Who can doubt that small developing countries are being given a blood-raw deal by developed countries? One aspect of this was once summed up in an e-mail sent to me by a Guyanese who found himself in remote Kazakhstan: “For every dollar in aid that flows into the developing world a whole seven dollars flows in debt repayments which are cruelly enforced on countries trying like hell to make it. And yet the moment they become economically viable in some field and therefore challenge developed country dominance then tariffs, subsidies and non-tariff barriers crop up to protect these so-called bastions of free trade.”
The whole process of negotiating international trading arrangements, which started decades ago, has been one long, grim tragedy of rich countries riding roughshod over poor countries. The infamous Uruguay Round of negotiations was a perfect example of this.
This long process of negotiations between unequals is presently contained for us in two negotiations which will deeply affect all our futures: the negotiation with Europe in which it was hoped to preserve, prolong and extend the beneficial concessions in the Lome Conventions and the Cotonou Agreement and, secondly, in the long, drawn-out negotiations in the DOHA Round in which it was hoped to take the iniquities and imbalances out of WTO arrangements and make sure we are not conned as we were in the Uruguay Round.

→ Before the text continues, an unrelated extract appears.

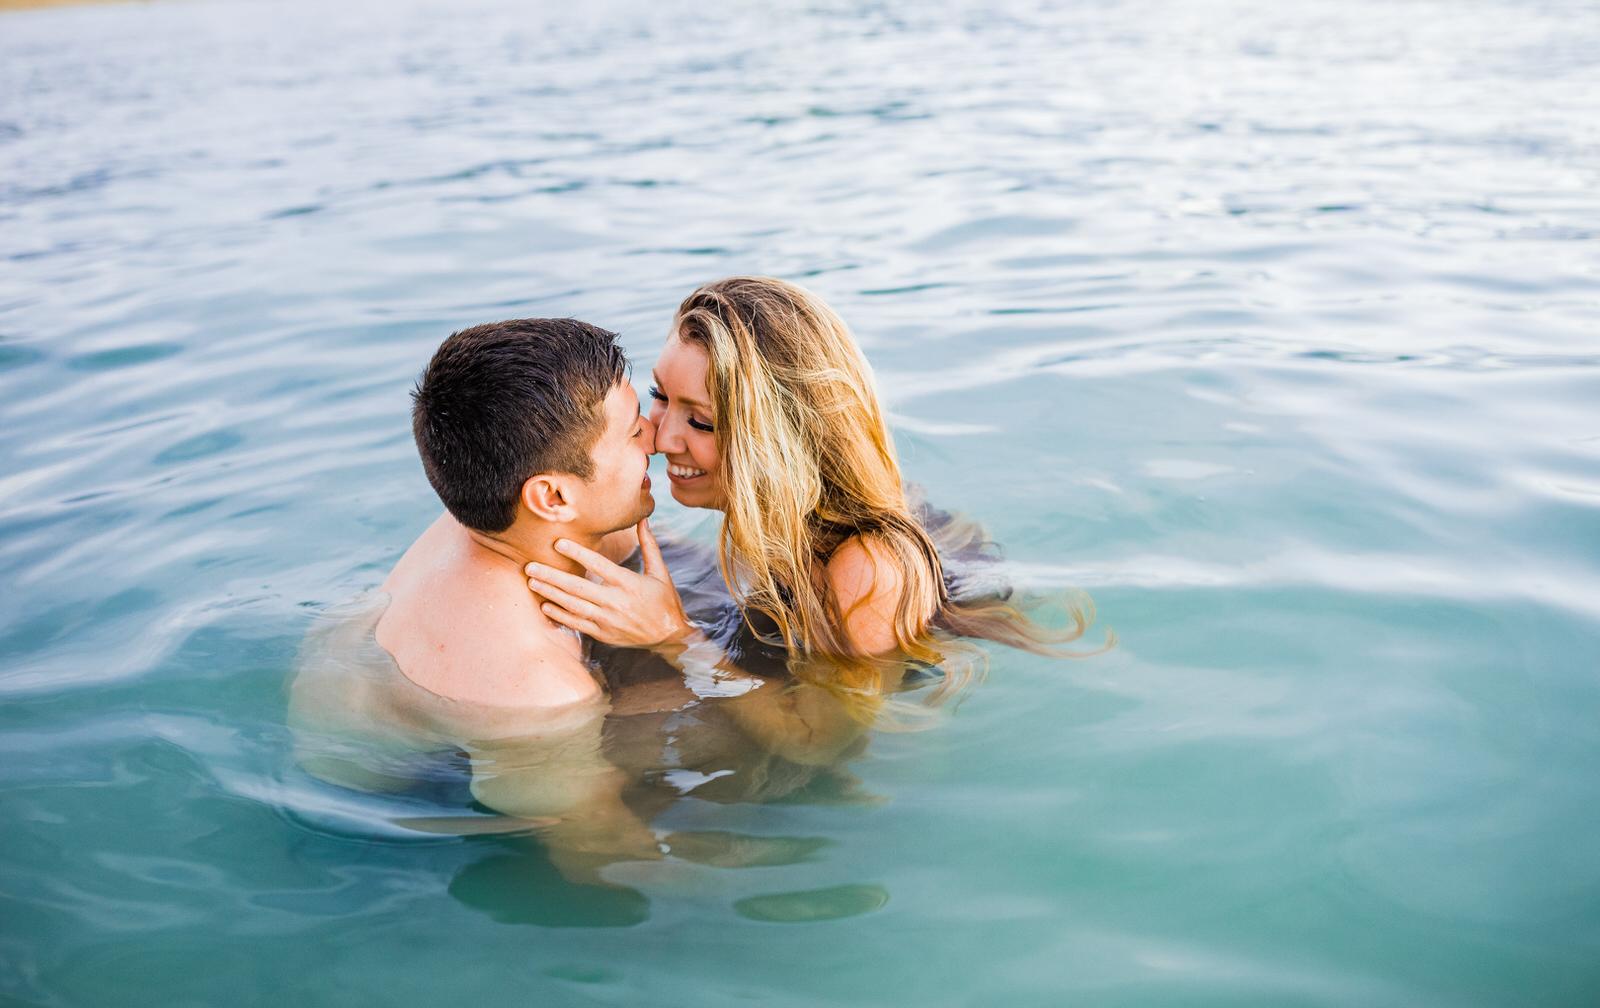 sunset-adventurous-couple-water-session-hilton-hawaii-13.jpg

In these quagmires in which seriously under-resourced developing countries are struggling not so much to hold their own as to limit their losses against the ruthlessly selfish strategies and bullying tactics of countries already extremely rich, it is important to be absolutely clear as to what the realities are. Here, out of many, are two such realities.
In negotiations between the EU and ACP countries the EU drives the procedures and processes and sets the limits and targets. Of course, the official line is that these are agreed between the two parties. Not so. For instance, the European Commission’s “reform” of our sugar regime (it was as much our regime as theirs since it incorporated the Sugar Protocol) is a glaring example of the EU imposing a unilateral change much for the worse in a favourable and vital trading agreement with developing countries.
(As I write this, the EU has taken the brutal and arrogant step of unilaterally denouncing the Sugar Protocol. This is an appalling betrayal of Caricom and the ACP – in the wake of other betrayals over the years. Suffice it to say for now that it shows the nature of the beast when our so-called partners in the negotiations for an Economic Partnership Agreement in the middle of those negotiations unilaterally tear up an existing treaty with the very people with whom they are negotiating!)
The EU is determined to get rid of the previous Lome benefits and convert its relationship with us into reciprocity between “equals” in conformity with the WTO regime. We should refuse to accept the obvious injustice of reciprocity in trade relations between completely unequal partners but we may have little choice in the matter since this particular battle was lost during the very early stages of the negotiations leading to the Cotonou Agreement. The most that can be achieved will probably be some delay in applying reciprocity to us.
Hurried, sometimes inadequate preparation on the part of grossly under-resourced developing countries is one of the most iniquitous aspects of trade negotiations. There are a host of issues that need to be studied in depth and understood. Among these are: the detailed costs and benefits of the trade arrangements proposed; what transition period will be necessary; to what extent existing trade benefits can be retained and for how long; what extent of reciprocity might be acceptable; what costs would be involved in adjusting for the obligations associated with reciprocity and whether the financial and other assistance promised would be at all adequate to offset the costs. Huge efforts have been made by our overworked teams but all too often it is a matter of too little too late – too much in the end like considering desperately what ways to stop the boat whilst it is rushing headlong down the gorge out of the control of the paddlers.
If you do not believe that international trade negotiations have so far secured very little for poor countries, please look again at the Overview of a recent UNCTAD Trade and Development Report. In the summary it is admitted that the minimum agenda for rebalancing the equation between developing countries and developed countries has remained exactly what it was over forty years ago. Here is what UNCTAD reported:
“One voice from the past stands out in the search for a more balanced trading system. In his statement to the first United Nations Conference on Trade and Development in March, l964, Raul Prebisch, its then Secretary-General, called on the industrial countries not to underestimate the basic challenge facing developing countries in the existing system:
‘We believe that developing countries must not be forced to develop inwardly – which will happen if they are not helped to develop outwardly through an appropriate international policy. We also deem it undesirable to accept recommendations which tend to lower mass consumption in order to increase captitalization, either because of the lack of adequate foreign resources or because such resources are lost owing to adverse terms of trade.’
“Prebisch understood that recommending “the free play of market forces” between unequal trading partners would only punish poorer commodity exporters at the same time as it brought advantages to the rich industrial core. His agenda to attack the persistent trade imbalance and create the essential external conditions for accelerating the rate of growth included new modalities of participation for developing countries in the trading system which would guarantee price stablization and improve market access for primary exports, allow greater policy space to develop local industries and reduce barriers to their exports, establish more appropriate terms of accession to the multilateral system and reduce the burden of debt servicing. Although the participation of developing countries in the trading system has since gone through important changes, the minimum agenda put forward by Prebisch remains the basis for rebalancing that system in support of development.”